The visuals are overwhelming in an aesthetic sense, with the pastel (yet vibrant) colours, with motels that seem to have fallen – and been damaged in the degradation – out of a Disneyland paradise, overwhelming architecture (Project must be seen on the big screen) that proclaims a dreamy ideal that is repeatedly, and directly, exposed as false by the characters on screen. The base lives of quiet desperation chronicled by the characters belies the “fairy tale” facades of the scrubby motels that are the backdrop to their daily struggles. All of my words there are not the equal of the few seconds where Mooney or Dickey traverse their decayed “Disneyland”.
But going deeper than how The Florida Project exposes a facade of America that’s often – still – obscured by performative, or slightly worn, artifice (like sequins worn from a gaudy costume), the emotional resonance of the film is hard to put into words. The stories of the people transcend the idea of “players”, or “actors” (unsurprisingly, Bria Vinaite and Brooklyn Prince are fresh faces, unmitigated and truthful in their portrayals. But they hold their emotional weight with Willem Dafoe here, like tragic participants in a inevitably sad story….).
It’s a rough, emotionally raw film: the manner in which it ends is perhaps one of the finest examples of the vision of Sean Baker (director / writer) and Chris Bergoch (writer). As the story builds to what can be seen as an inevitable confrontation, we’re given a scene that is alternately a visually enticing “escape” but also one that we know is fake.
The Florida Project has been praised in many reviews as a story about childhood, and I’d echo that, in that its a contemporary foray in that genre. But I’d add go beyond that, in light of the ending (in conversations with many, both within and without the cultural sphere, the closing scene has marked us all without exception). Firstly, the manner in which the Disney “castle” backdrop suddenly comes to the fore, in Mooney’s world, took me back to watching The Wonderful World of Disney as a child, after supper on Sunday nights, with my siblings. What we watched eludes me, and like many memories, it’s more visual and emotional than relatable in language. This experience was elicited so immediately, and so easily, by this scene, when I’d not thought of it in years.
Less warmly, the lies we’re told in childhood and the loss of innocence that comes hand-in-hand with the loss of those years is implicit to the desperate nature of Mooney’s flight from the failure of her domestic situation and the intrusion of cold reality into her world.
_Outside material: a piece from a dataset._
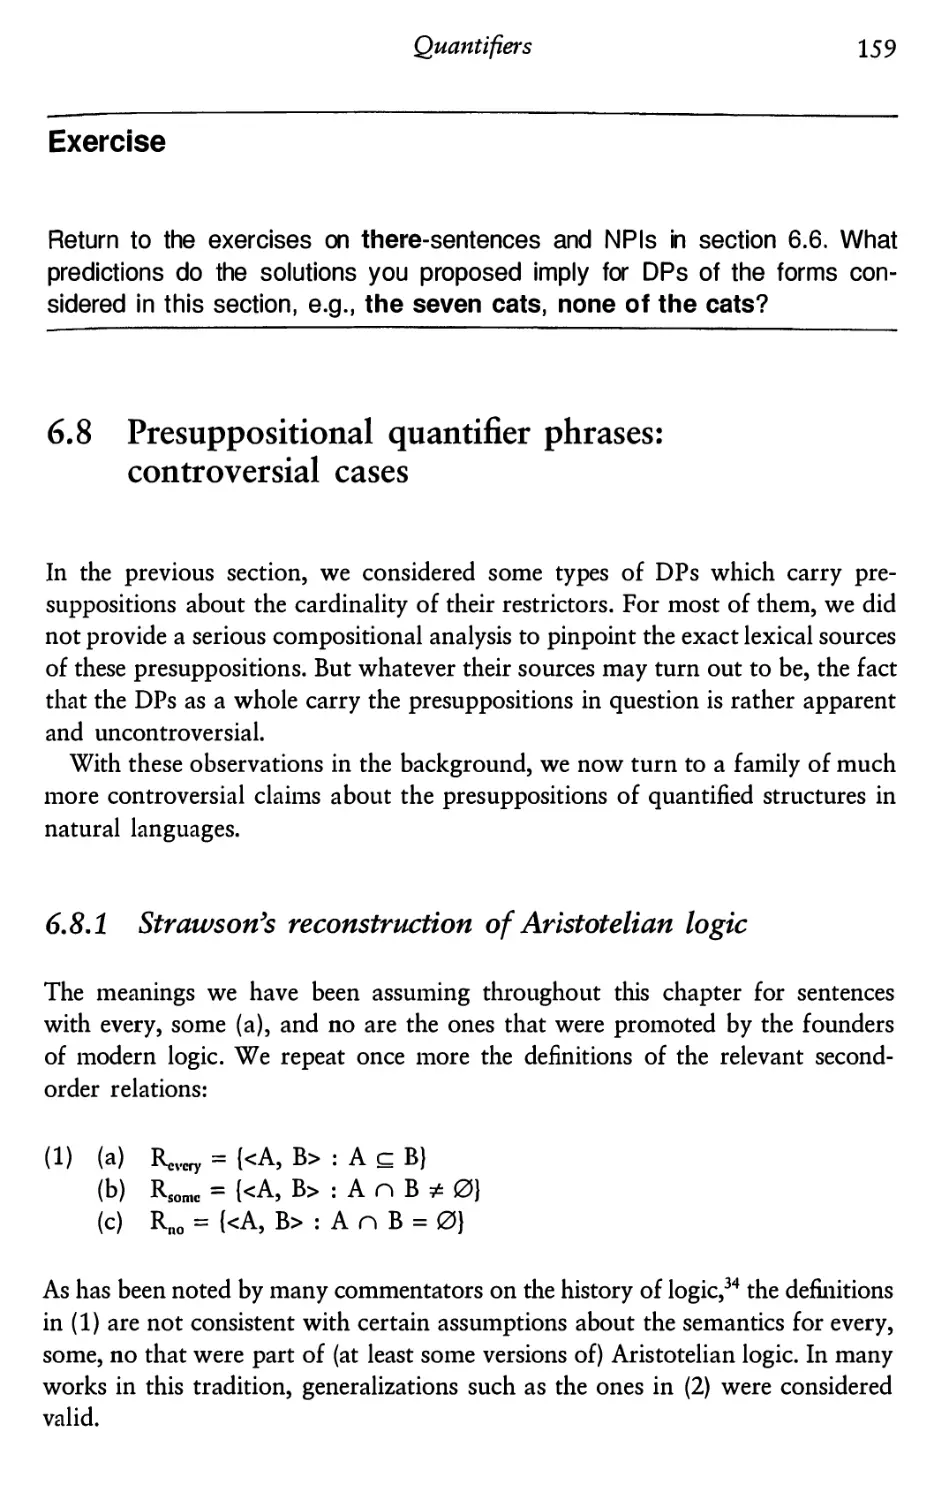 6.8 Presuppositional quantifier phrases: controversial cases

An addendum to that last statement: Halley (Vinaite, as Mooney’s mother) jokes at one point that she’s a “failure as a mother”, in an amusing exchange with Defoe where the privileging of “tourists” above all else is discussed. But Halley reminds me of a lot of parents I know, who do the best they can with what they have, and that are doomed to fail despite doing all they can. Their situations say more about “America” than anything else. In full disclosure, I saw I, Tonya (the story of Tonya Harding’s brief rise and long fall) the same week as The Florida Project, and class and the lies of the “American Dream” inform my interpretations.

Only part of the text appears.